Recorded data START

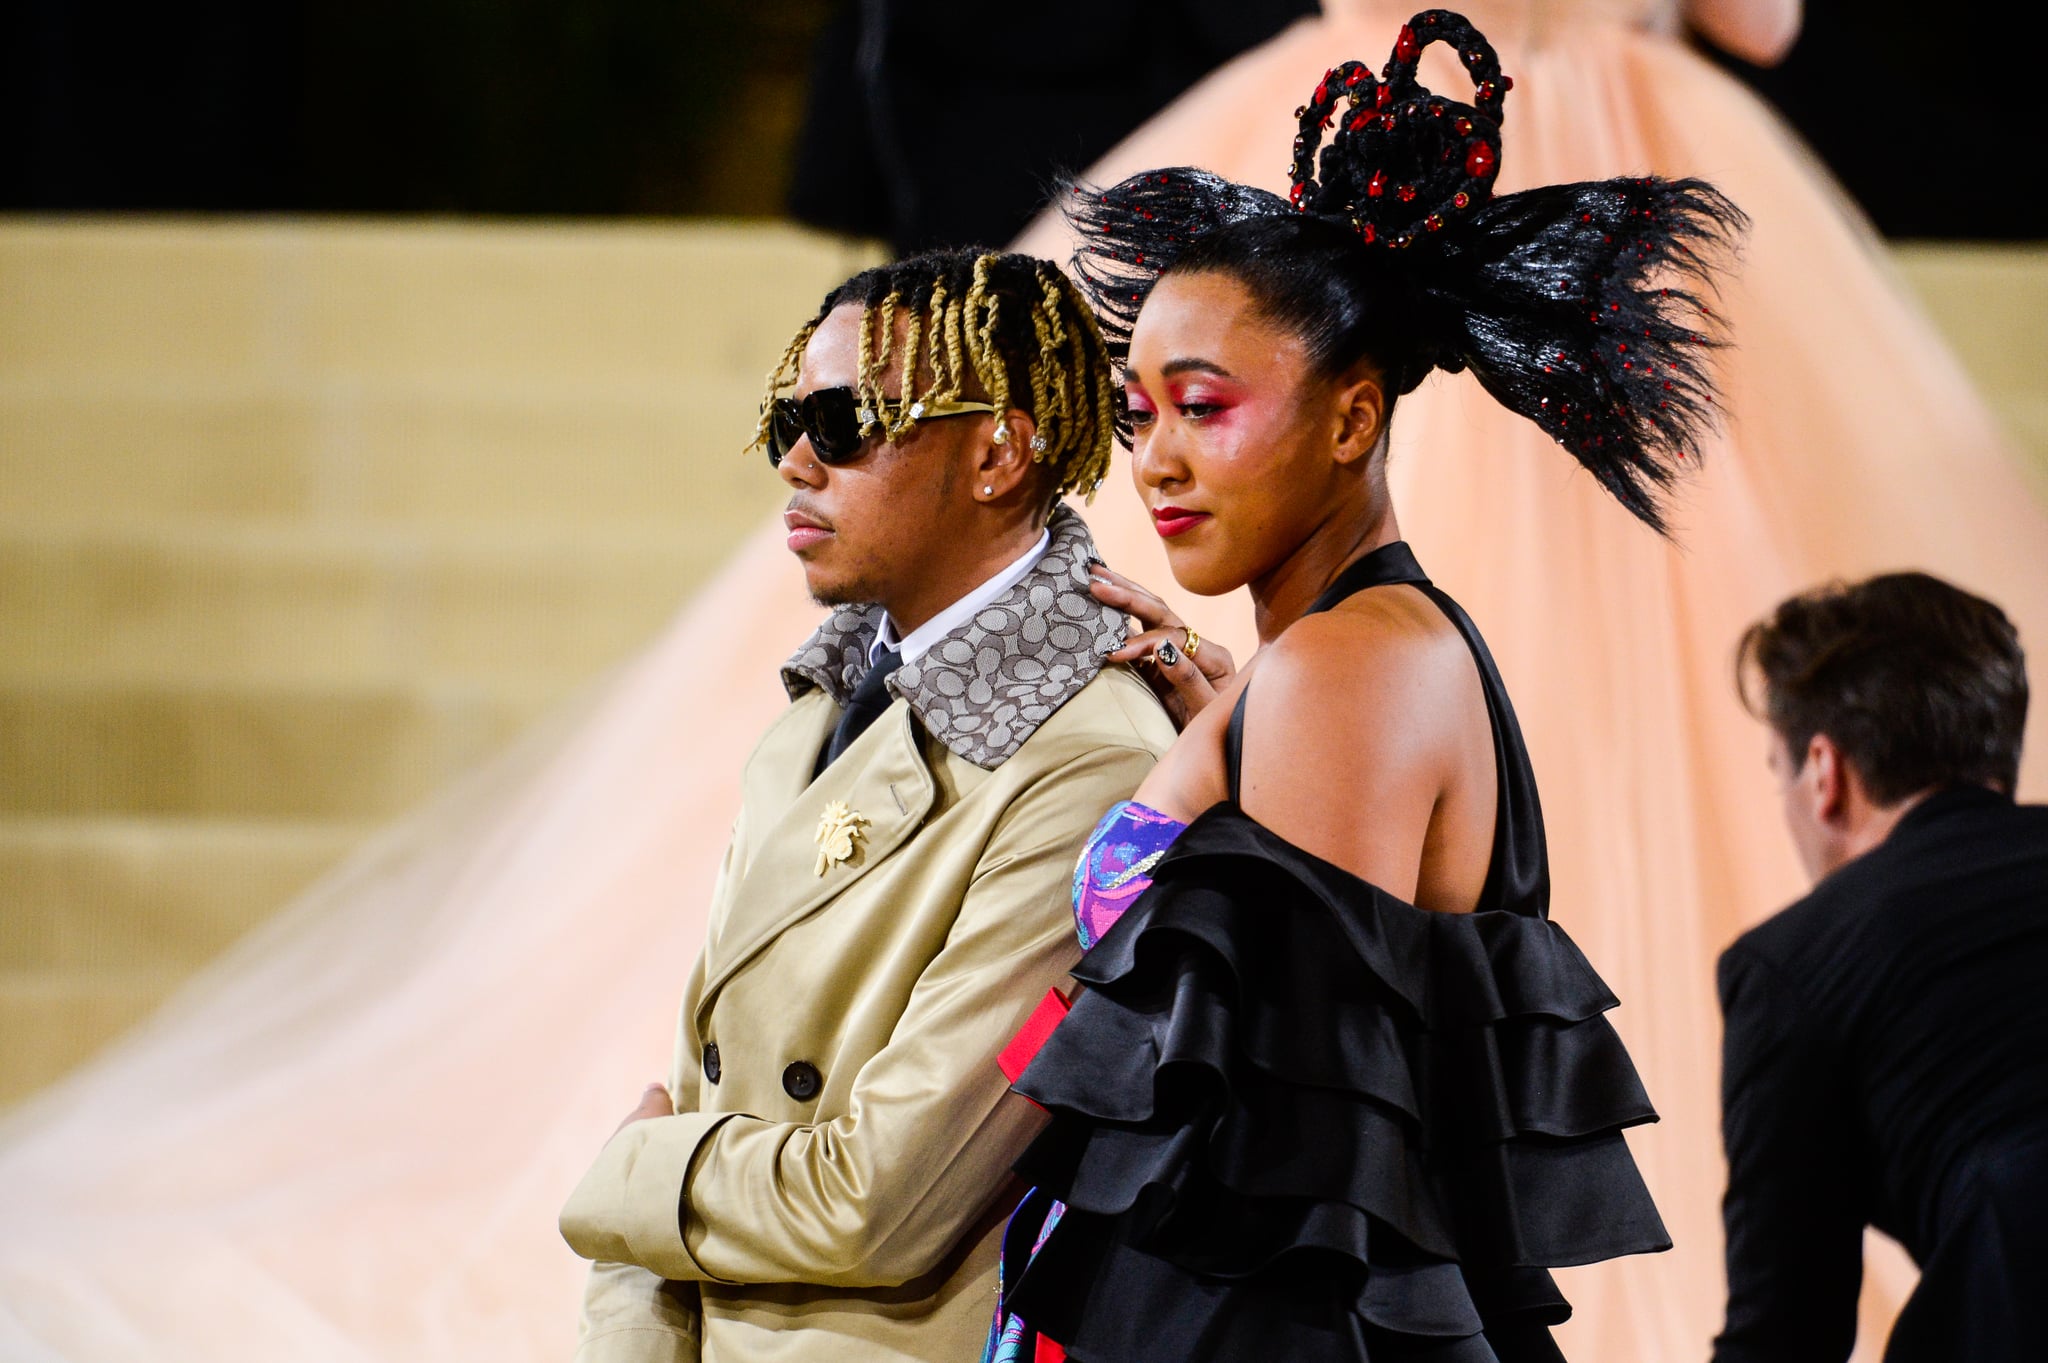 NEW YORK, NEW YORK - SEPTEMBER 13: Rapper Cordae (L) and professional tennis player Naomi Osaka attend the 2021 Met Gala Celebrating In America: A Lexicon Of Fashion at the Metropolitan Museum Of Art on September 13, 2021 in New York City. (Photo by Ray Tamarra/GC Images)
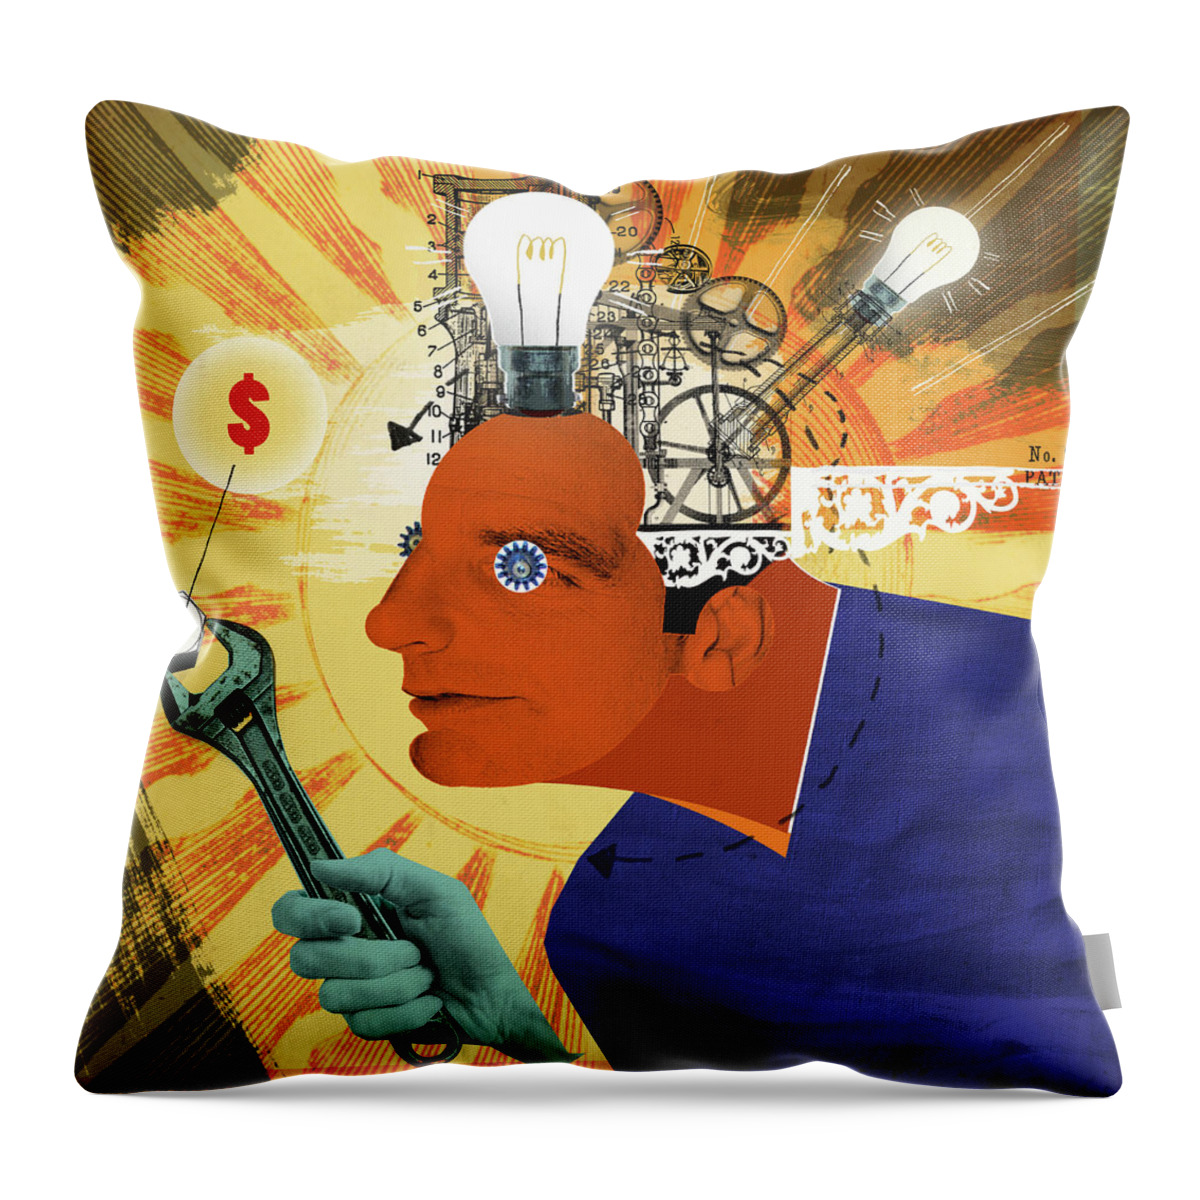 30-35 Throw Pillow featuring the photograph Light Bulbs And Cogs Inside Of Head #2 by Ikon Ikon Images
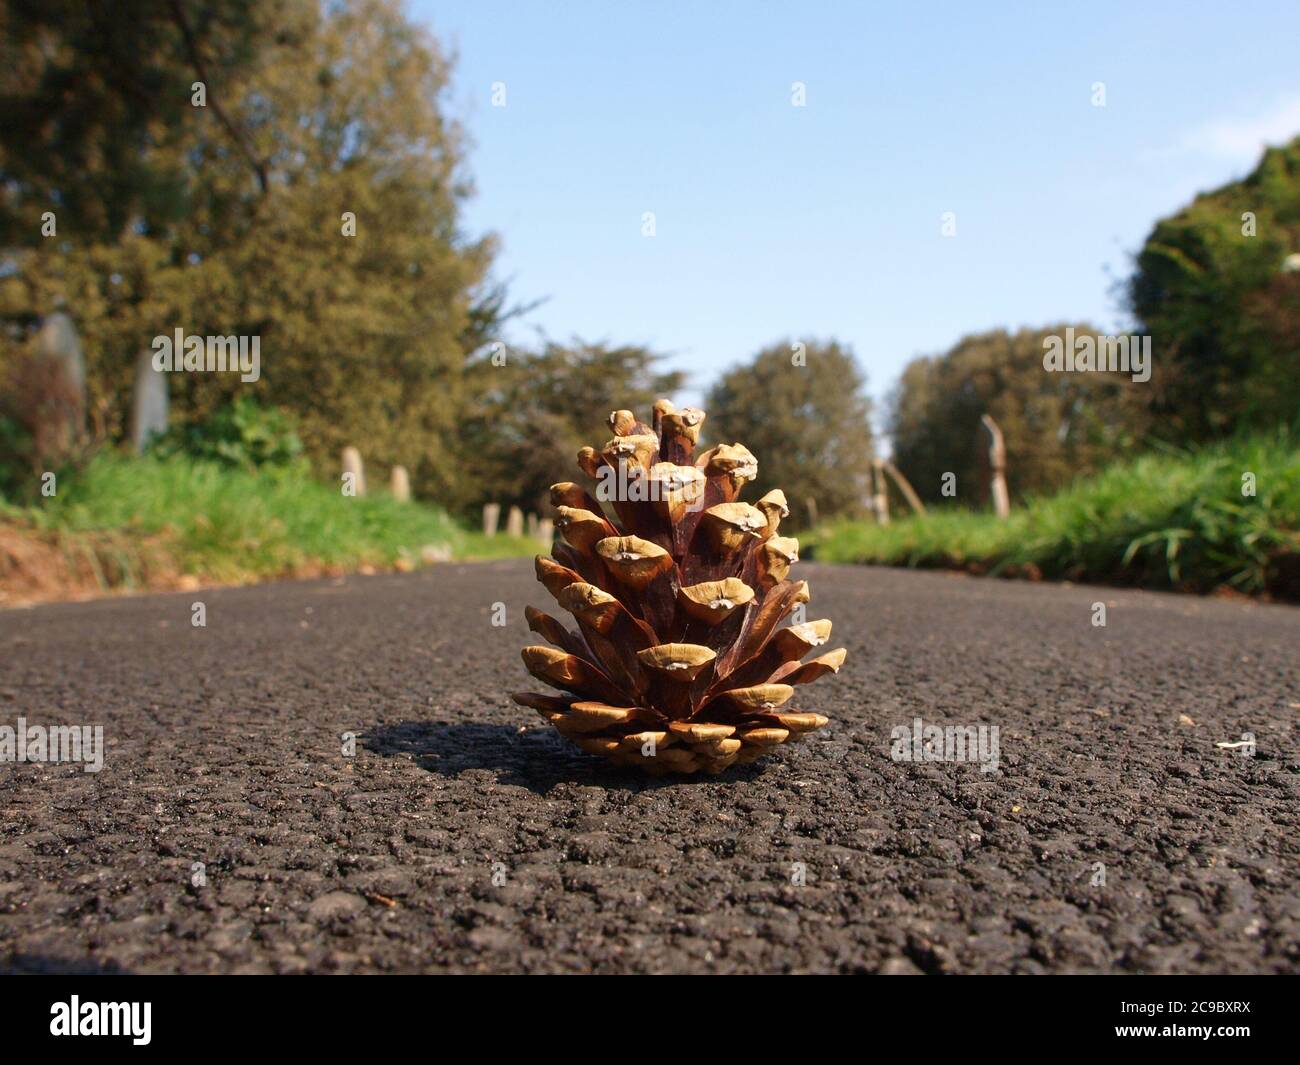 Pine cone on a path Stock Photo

Recorded data END

**Task statement**: Give the material again exactly as it is, but keep the pictures out.

**Solution**:
 NEW YORK, NEW YORK - SEPTEMBER 13: Rapper Cordae (L) and professional tennis player Naomi Osaka attend the 2021 Met Gala Celebrating In America: A Lexicon Of Fashion at the Metropolitan Museum Of Art on September 13, 2021 in New York City. (Photo by Ray Tamarra/GC Images)
 30-35 Throw Pillow featuring the photograph Light Bulbs And Cogs Inside Of Head #2 by Ikon Ikon Images
 Pine cone on a path Stock Photo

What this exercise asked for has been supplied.